Minitab® – Simple Linear Regression
We previously created a scatterplot of quiz averages and final exam scores and observed a linear relationship. Here, we will use quiz scores to predict final exam scores.
- Open the Minitab file: Exam.mwx (or Exam.csv)
- Select Stat > Regression > Regression > Fit Regression Model...

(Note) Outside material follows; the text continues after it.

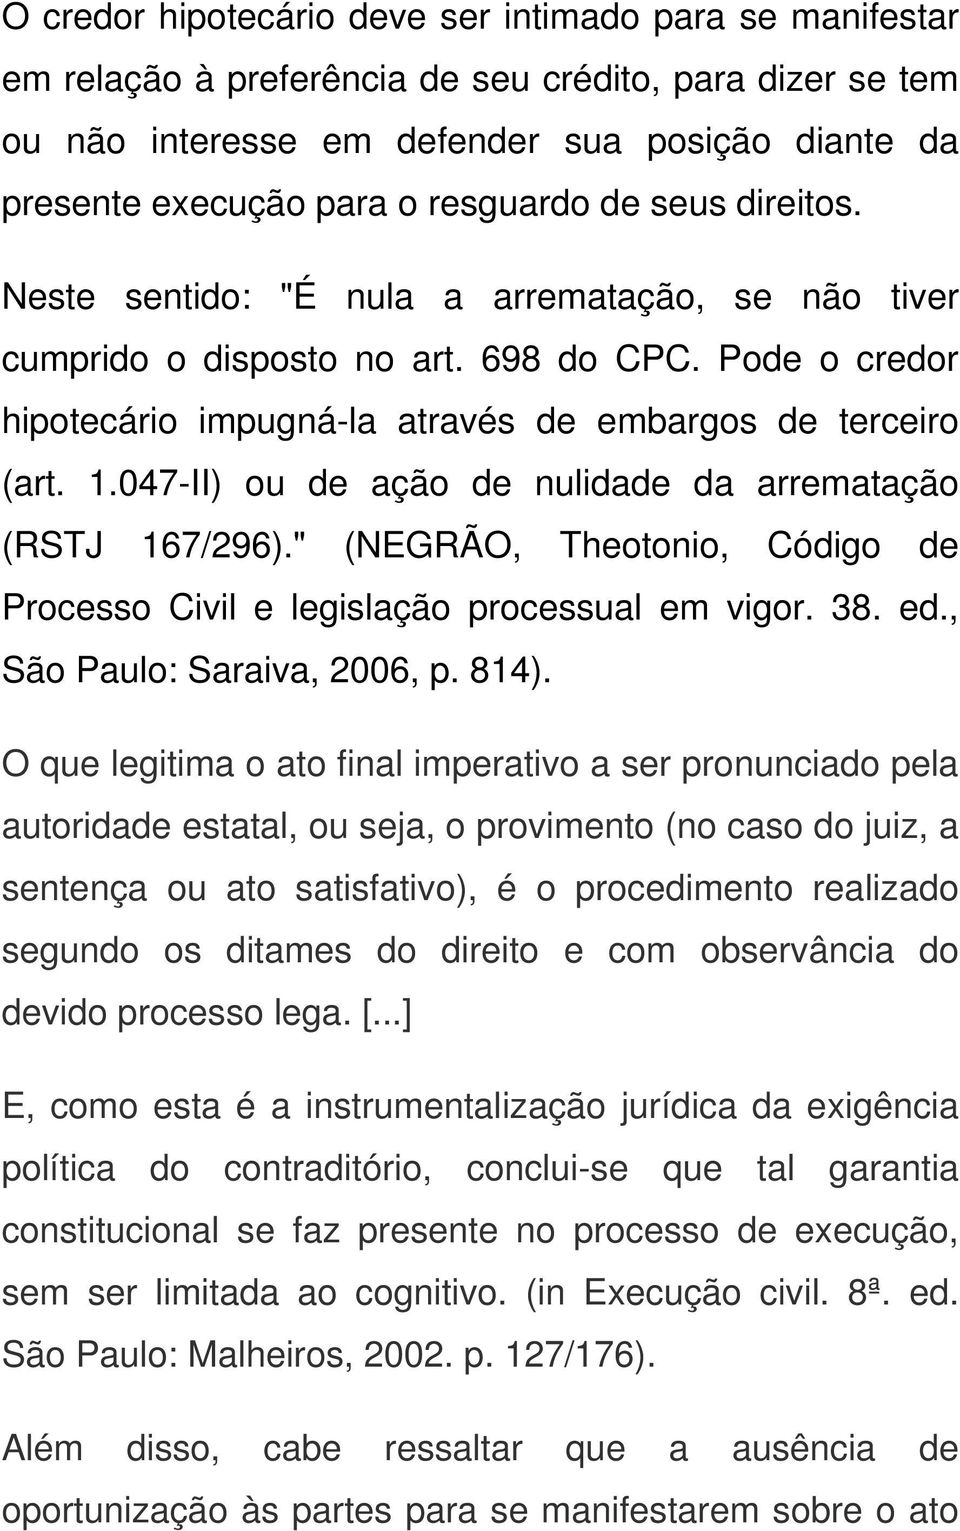 047-II) ou de ação de nulidade da arrematação (RSTJ 167/296)." (NEGRÃO, Theotonio, Código de Processo Civil e legislação processual em vigor. 38. ed., São Paulo: Saraiva, 2006, p. 814).

- Double click Final in the box on the left to insert it into the Responses (Y) box on the right
- Double click Quiz_Average in the box on the left to insert it into the Continuous Predictors (X) box on the right
- Click OK
This should result in the following output:
Regression Equation
Final = 12.1 + 0.751 Quiz_Average
Coefficients
Term | Coef | SE Coef | T-Value | P-Value | VIF |
---|---|---|---|---|---|
Constant | 12.1 | 11.9 | 1.01 | 0.3153 | |
Quiz_Average | 0.751 | 0.141 | 5.31 | 0.000 | 1.00 |
Model Summary
S | R-sq | R-sq(adj) | R-sq(pred) |
---|---|---|---|
9.71152 | 37.04% | 35.73% | 29.82% |
Analysis of Variance
Source | DF | Adj SS | Adj MS | F-Value | P-Value |
---|---|---|---|---|---|
Regression | 1 | 2664 | 2663.66 | 28.24 | 0.000 |
Quiz_Average | 1 | 2664 | 2663.66 | 28.24 | 0.000 |
Error | 48 | 4527 | 94.31 | ||
Total | 49 | 7191 |
Fits and Diagnostics for Unusual Observations
Obs | Final | Fit | Resid | Std Resid | |
---|---|---|---|---|---|
11 | 49.00 | 70.50 | -21.50 | -2.25 | R |
40 | 80.00 | 61.22 | 18.78 | 2.03 | R |
47 | 37.00 | 59.51 | -22.51 | -2.46 | R |
R Large residual
Interpretation
In the output in the above example we are given a simple linear regression model of Final = 12.1 + 0.751 Quiz_Average
This means that the y-intercept is 12.1 and the slope is 0.751.